▶ _Information supplied_:

####

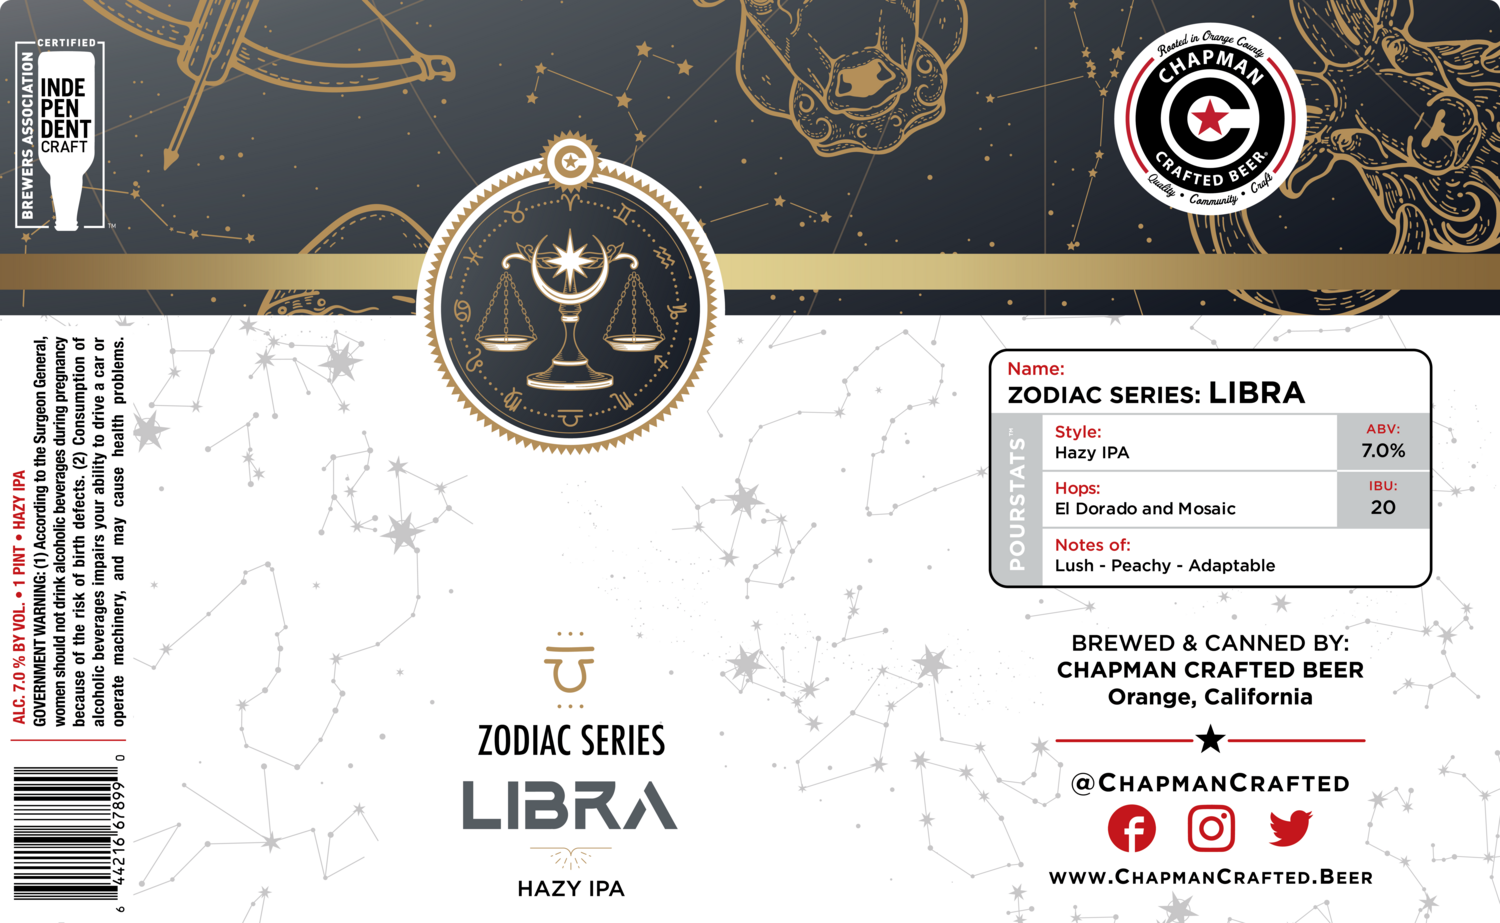 Zodiac Series: Libra Full Case (24 x 16oz cans)
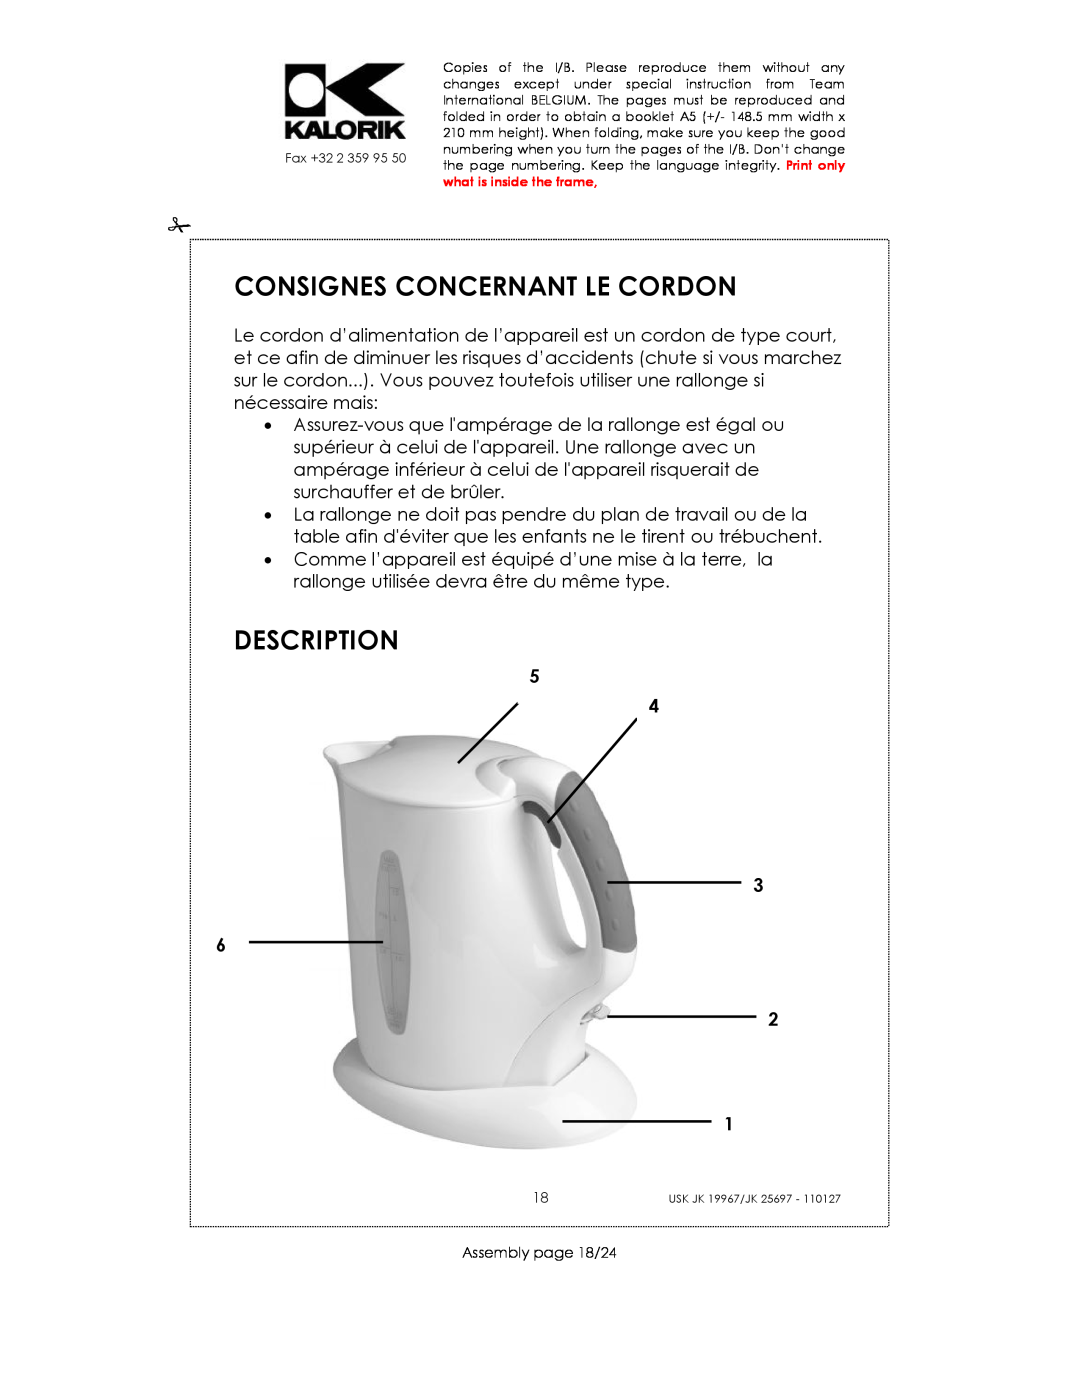 Kalorik JK 19967, JK 25697 manual Consignes Concernant Le Cordon, Description, Assembly page 18/24 
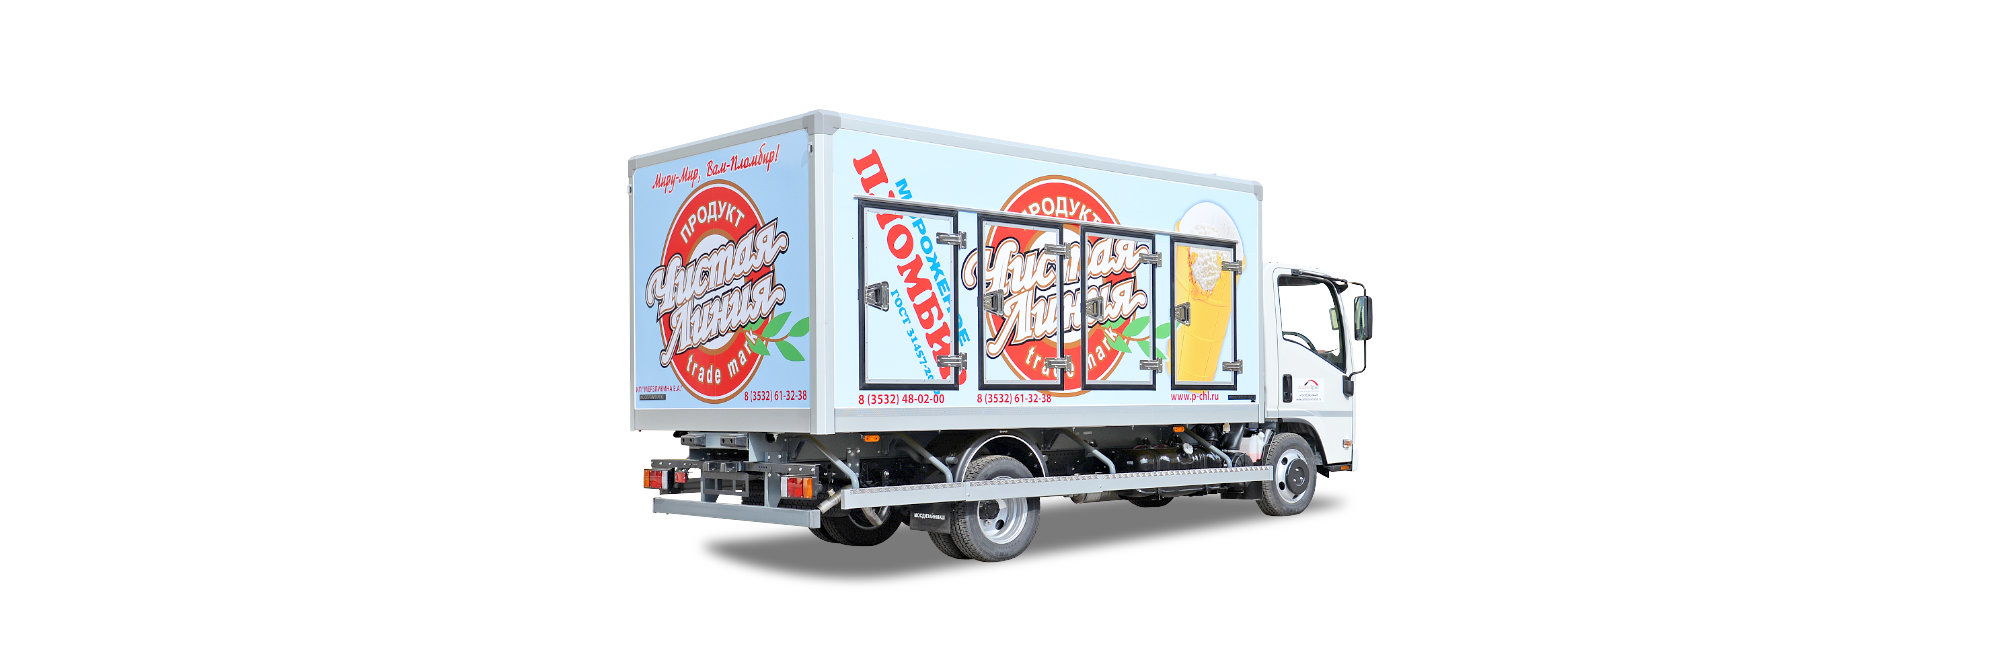 Decopan Ticari Araç CTP levha Chisnaya Liniya dondurma kamyon kasa üretimi
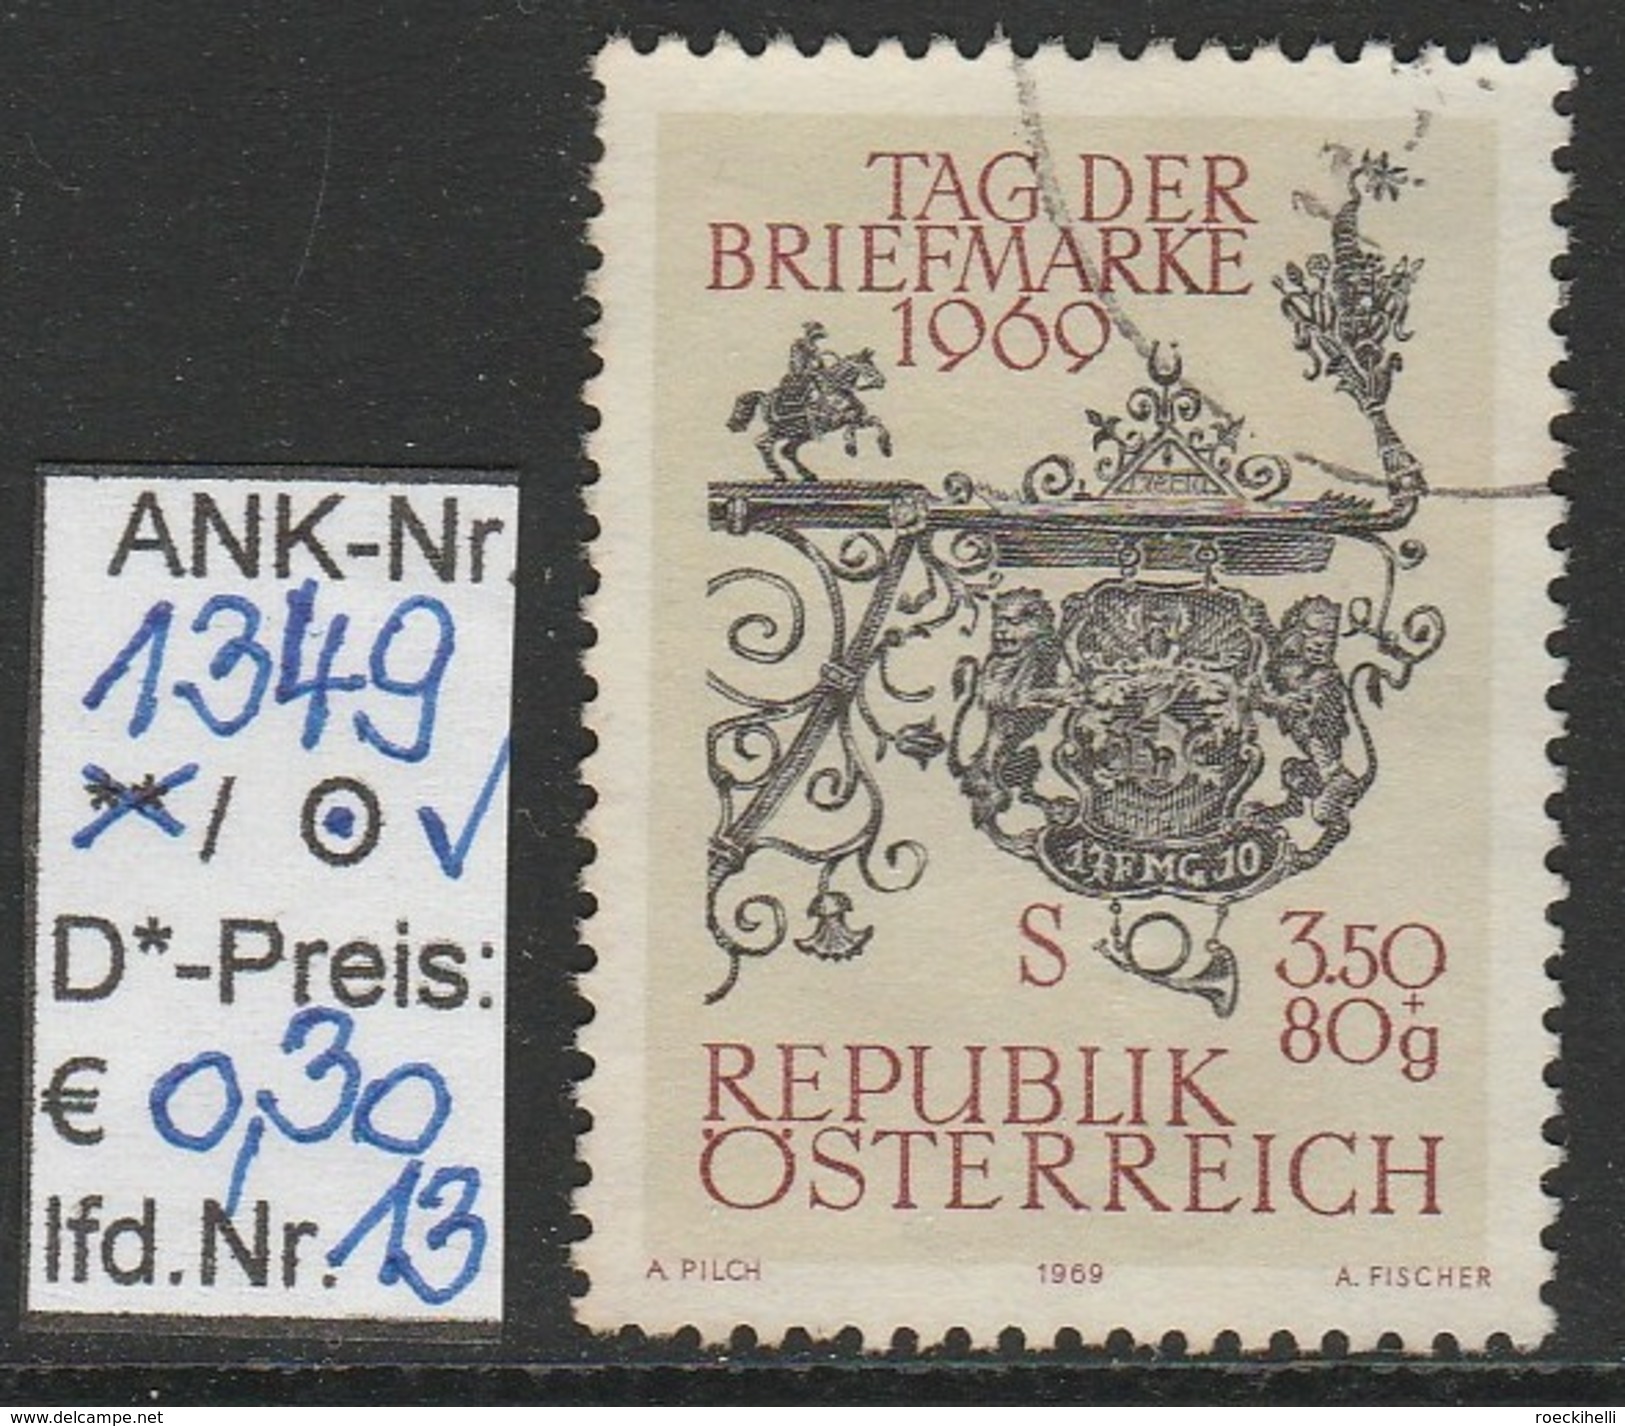 5.12.1969  -  SM  "Tag der Briefmarke 1969" -  o   gestempelt  -  siehe Scan  (1349o 01-14)

####

▶ _What is being asked_:
Everything in the listing, except its images, should be set down exactly.

▶ _Solution_:
 Zodiac Series: Libra Full Case (24 x 16oz cans)
 Kalorik JK 19967, JK 25697 manual Consignes Concernant Le Cordon, Description, Assembly page 18/24 
 Decopan Ticari Araç CTP levha Chisnaya Liniya dondurma kamyon kasa üretimi
 5.12.1969  -  SM  "Tag der Briefmarke 1969" -  o   gestempelt  -  siehe Scan  (1349o 01-14)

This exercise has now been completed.